> _What you should do_
Only an exact copy of the entries, stripped of pictures, will serve as the answer.
_ _ _ _ _ _ _
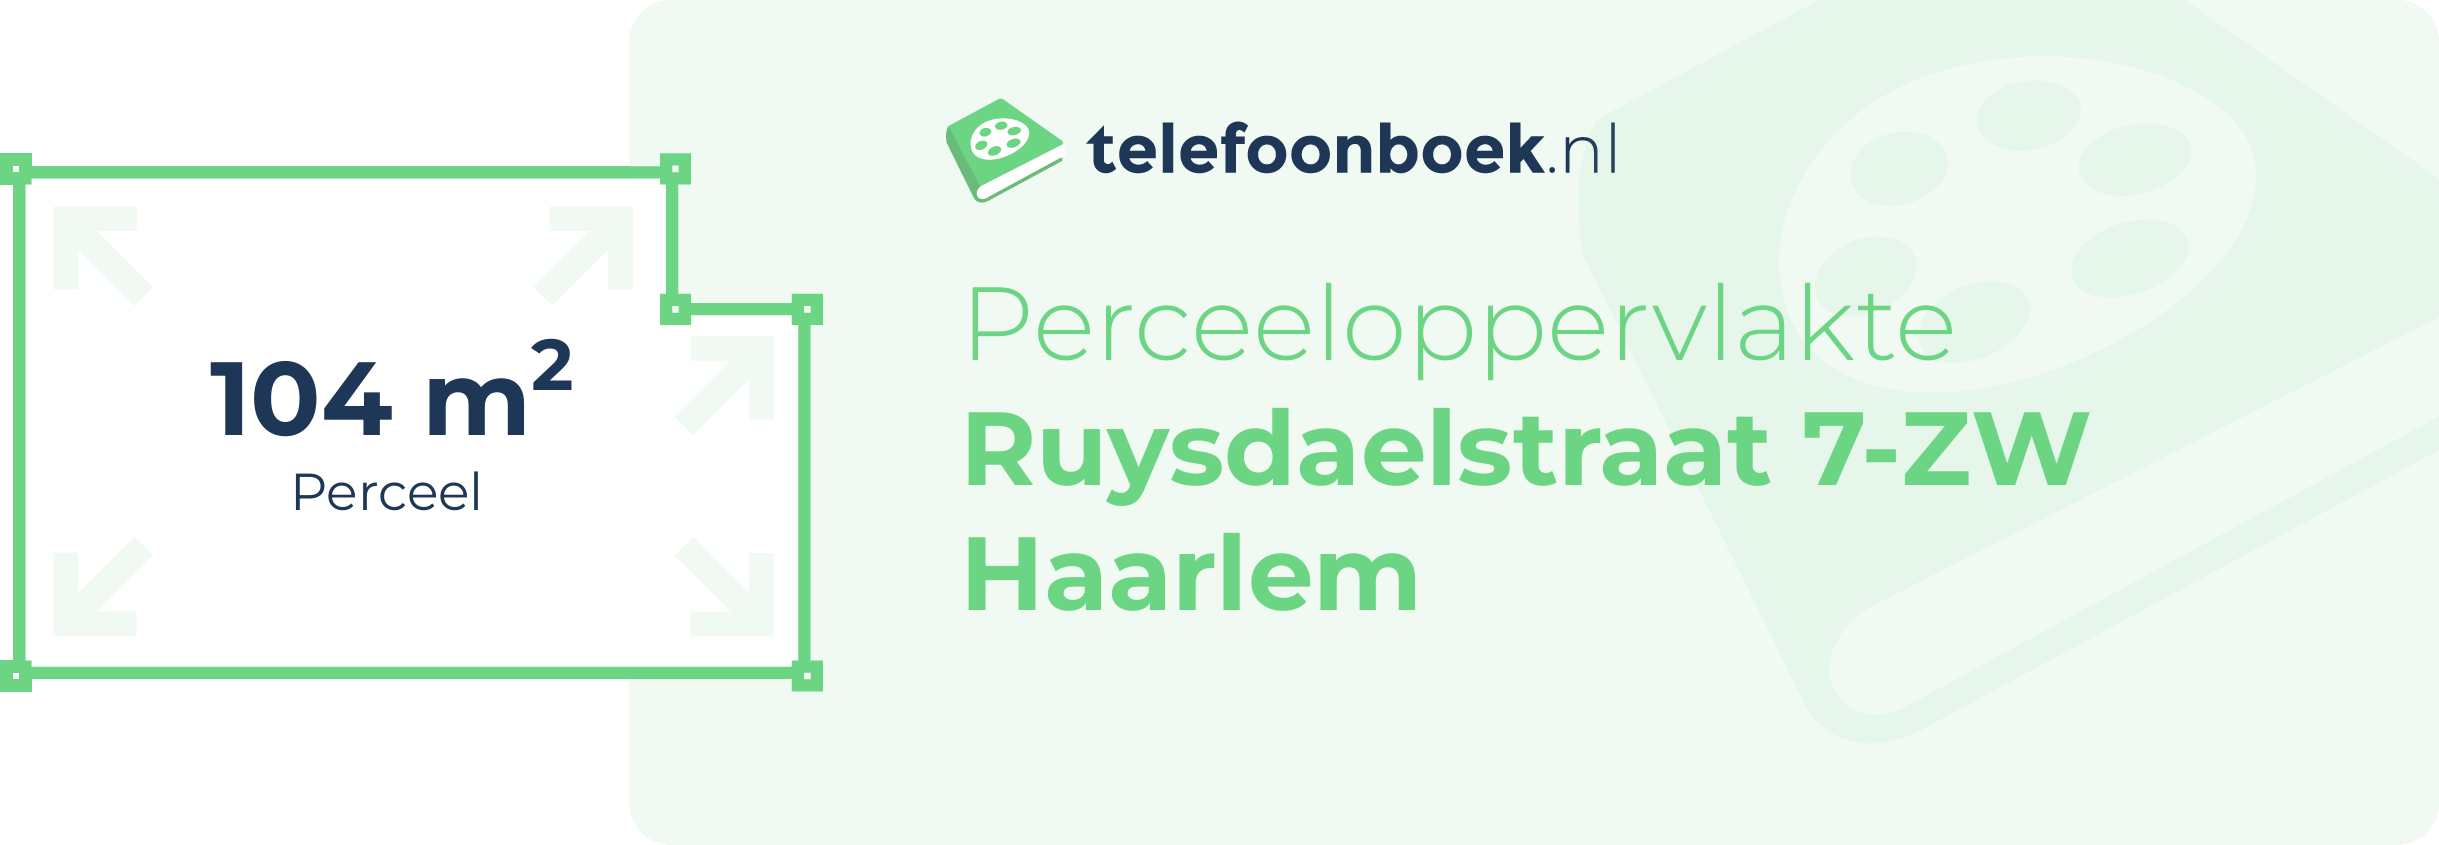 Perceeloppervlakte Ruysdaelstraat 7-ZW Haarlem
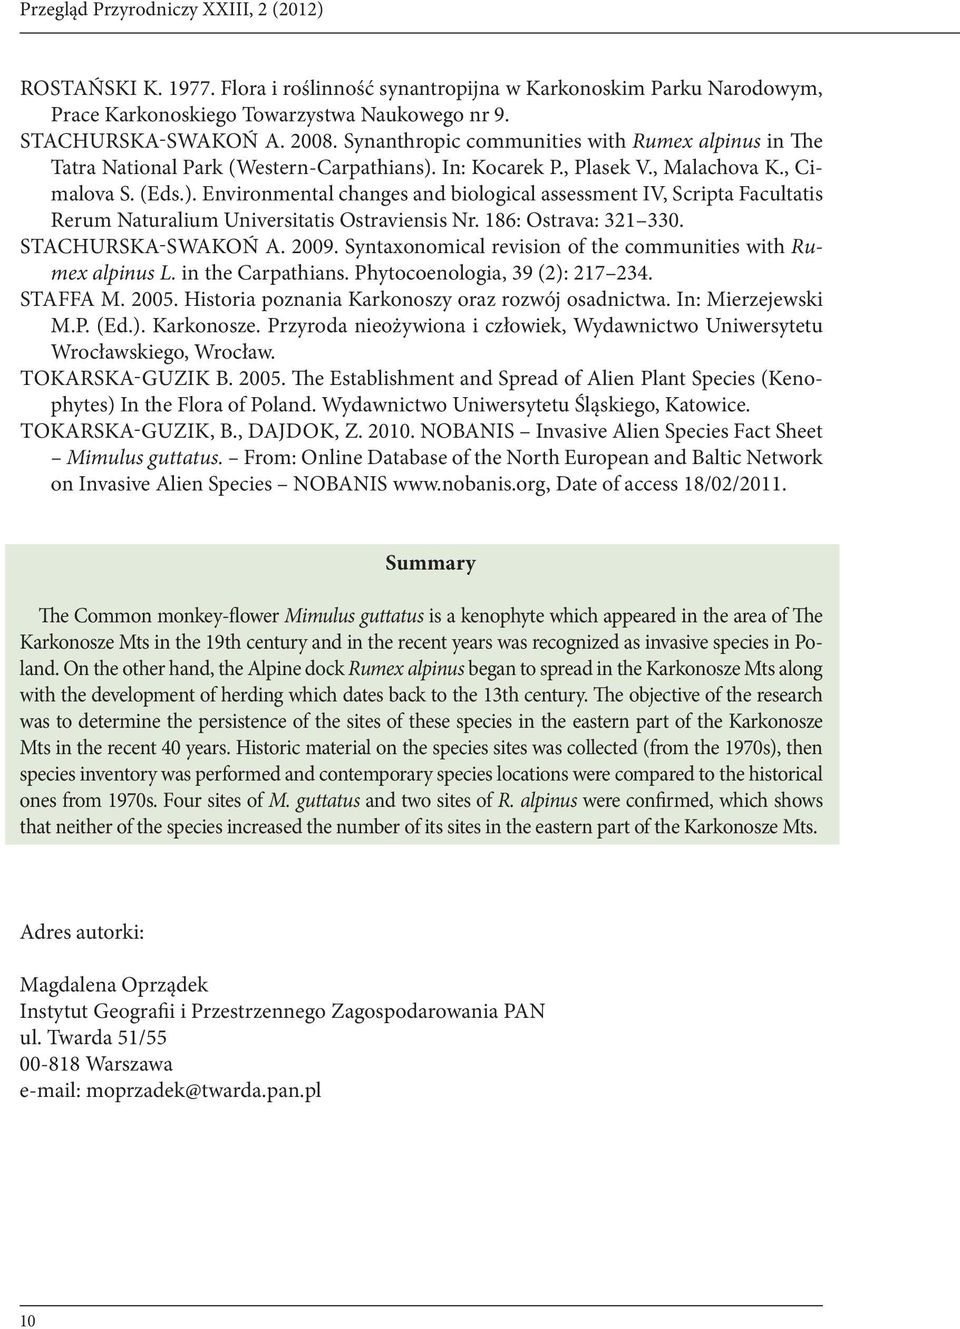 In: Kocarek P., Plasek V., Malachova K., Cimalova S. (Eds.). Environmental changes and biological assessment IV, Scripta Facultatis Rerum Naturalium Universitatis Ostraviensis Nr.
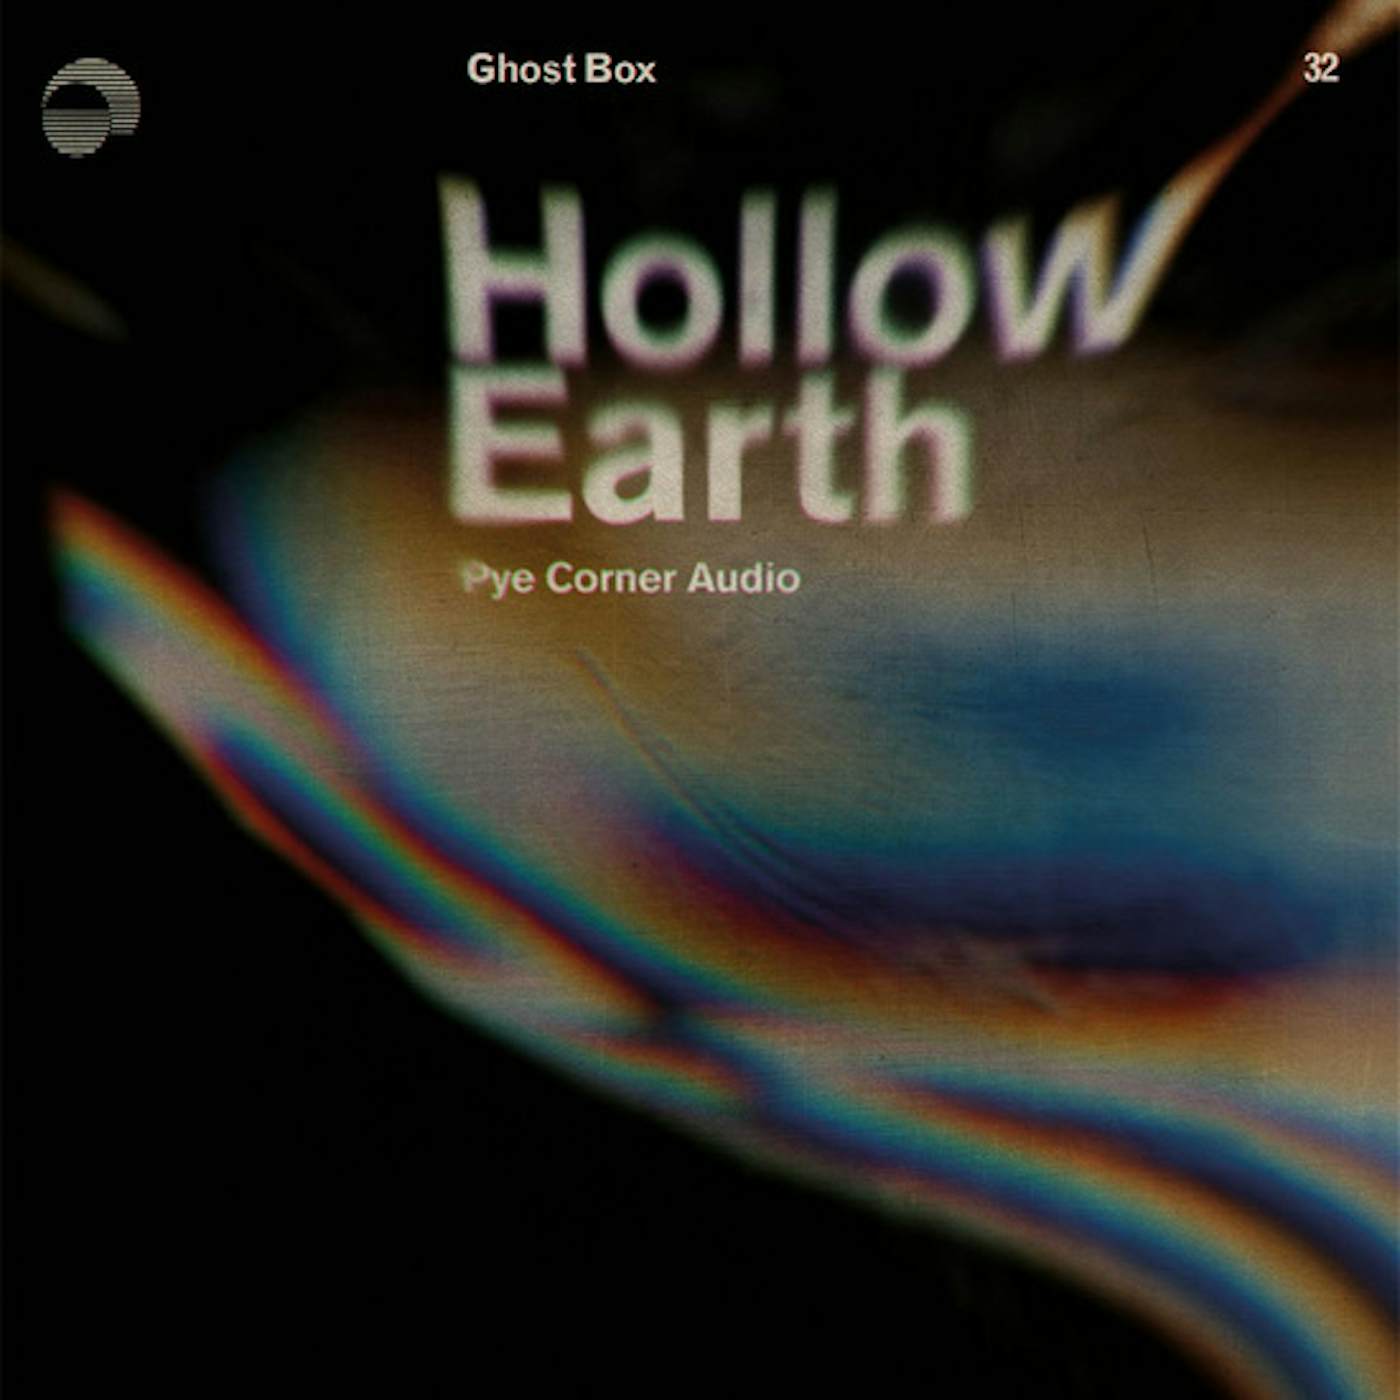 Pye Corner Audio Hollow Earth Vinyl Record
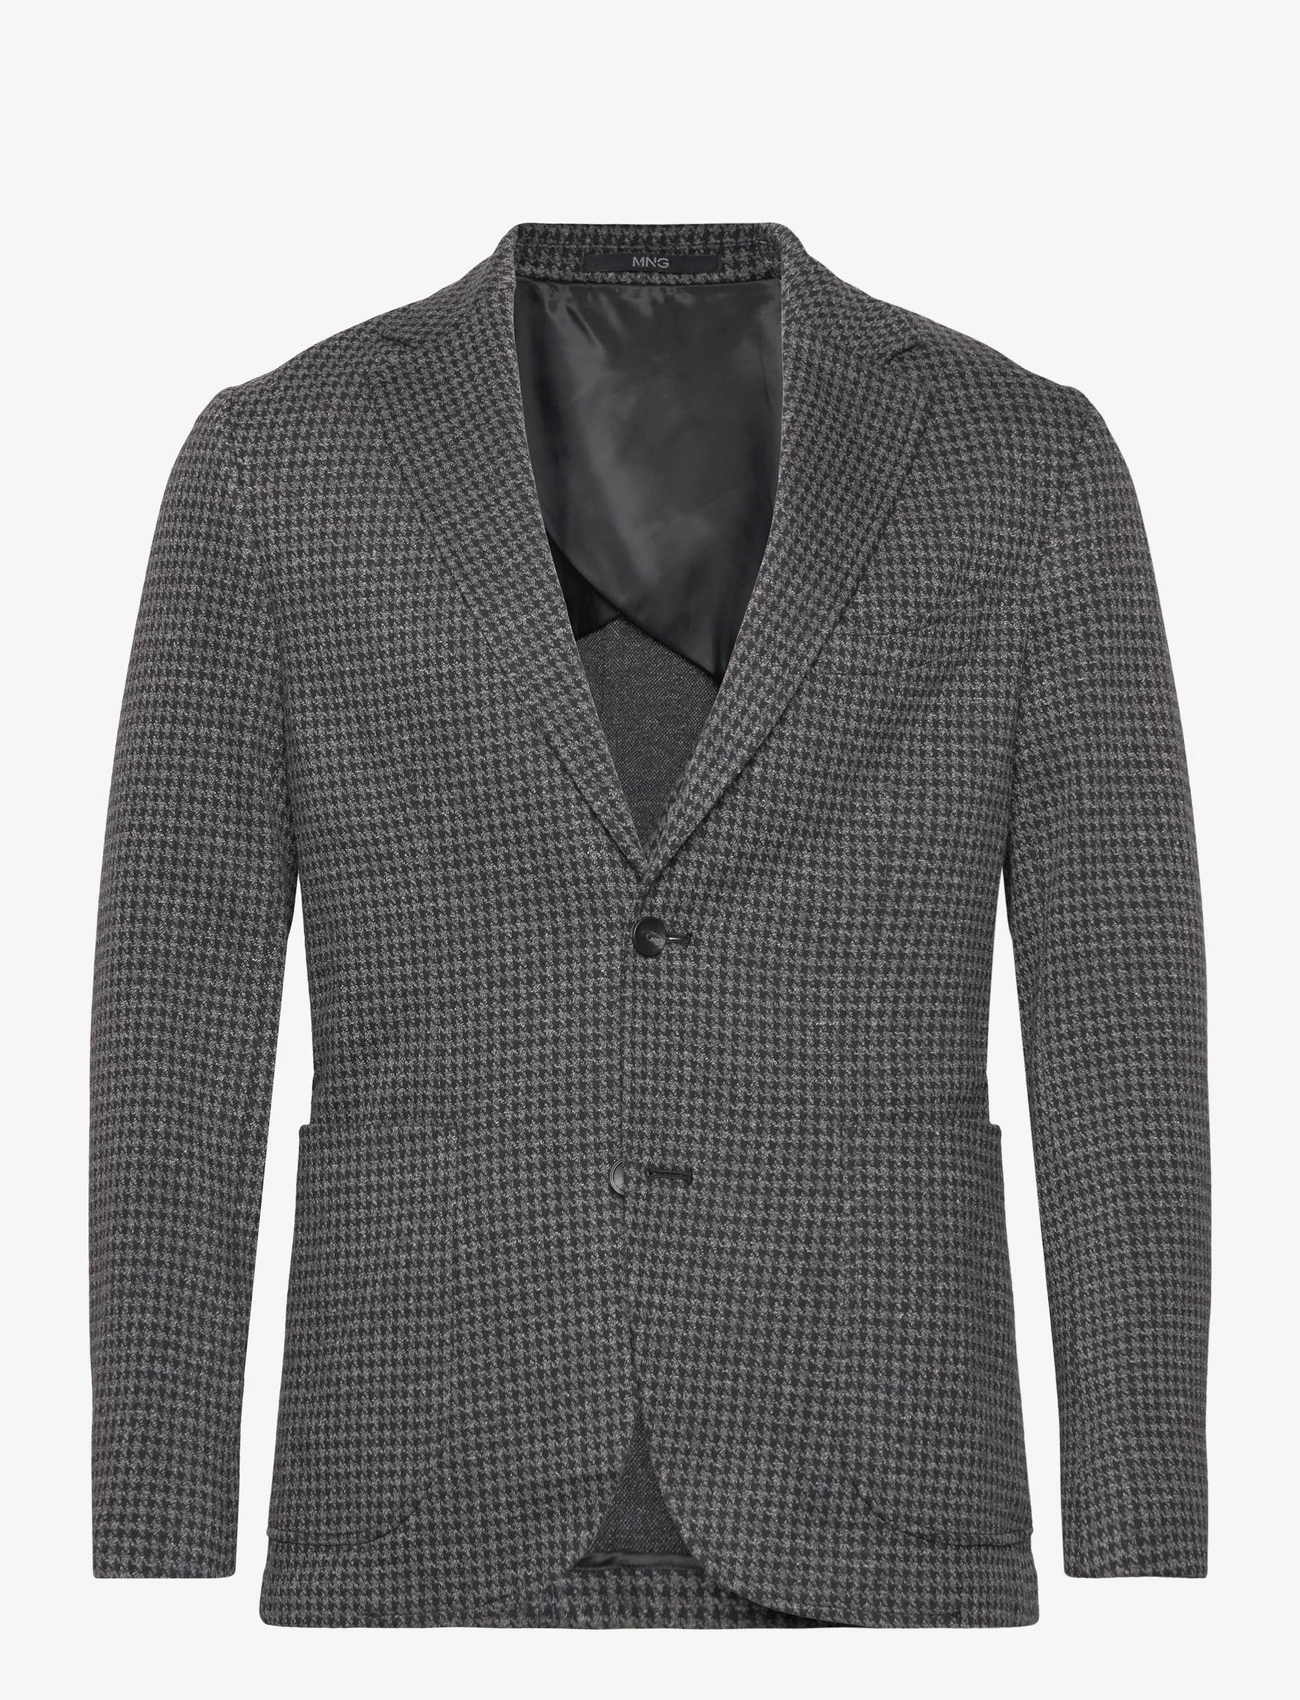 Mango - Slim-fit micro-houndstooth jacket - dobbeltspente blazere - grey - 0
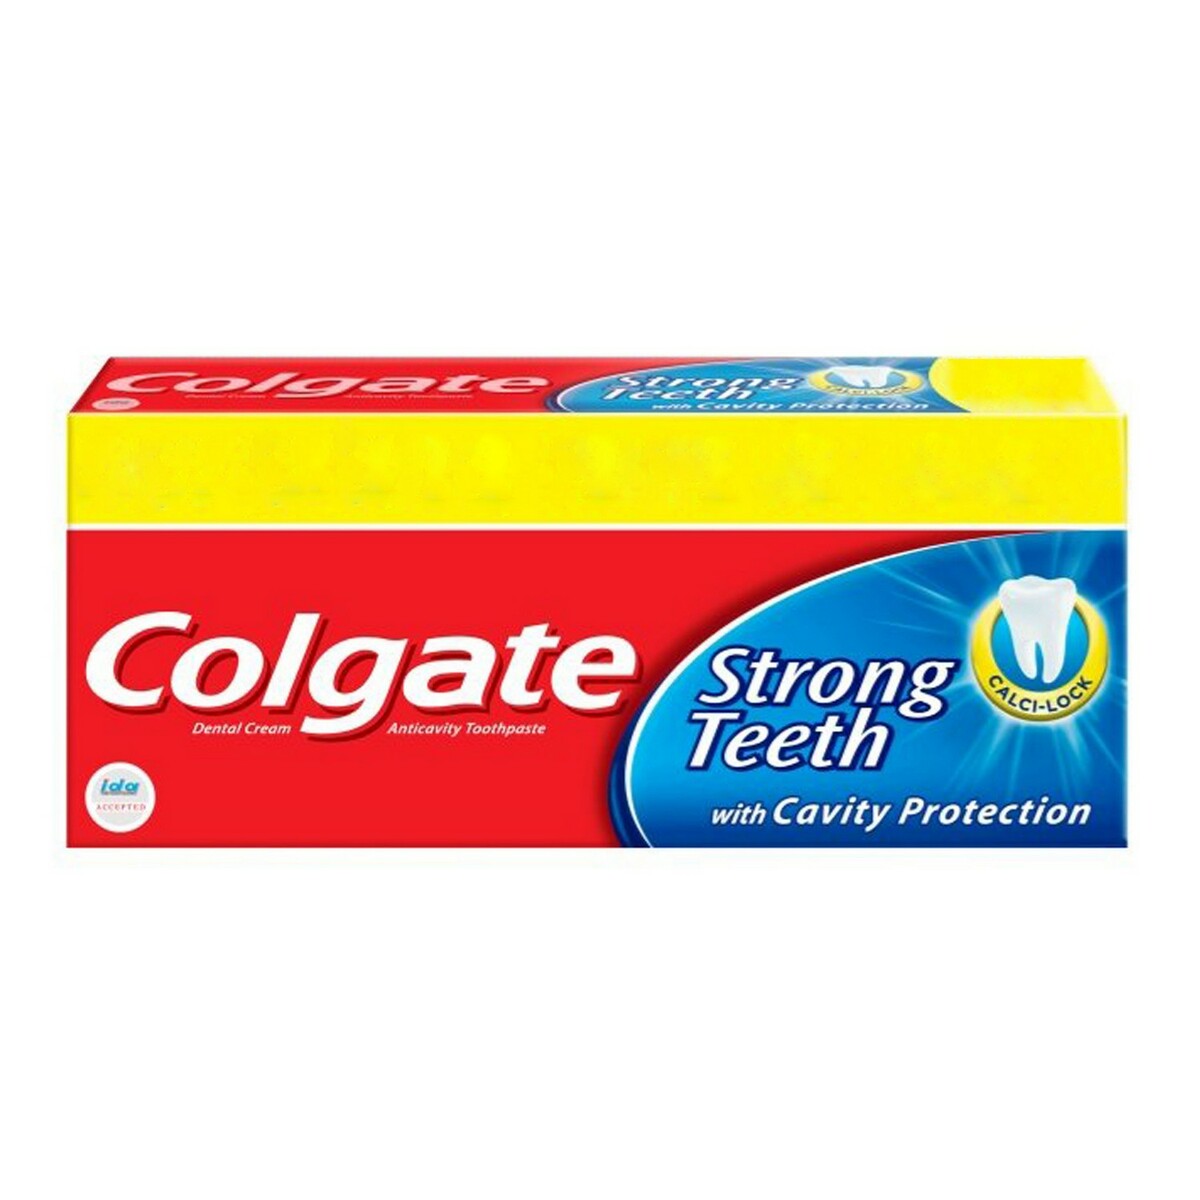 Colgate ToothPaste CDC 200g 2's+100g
_ _ _ _ _ _ _
> _Answer section_
 Perceeloppervlakte Ruysdaelstraat 7-ZW Haarlem
 In: Kocarek P., Plasek V., Malachova K., Cimalova S. (Eds.). Environmental changes and biological assessment IV, Scripta Facultatis Rerum Naturalium Universitatis Ostraviensis Nr.
 Pye Corner Audio Hollow Earth Vinyl Record
 Mango - Slim-fit micro-houndstooth jacket - dobbeltspente blazere - grey - 0
 Colgate ToothPaste CDC 200g 2's+100g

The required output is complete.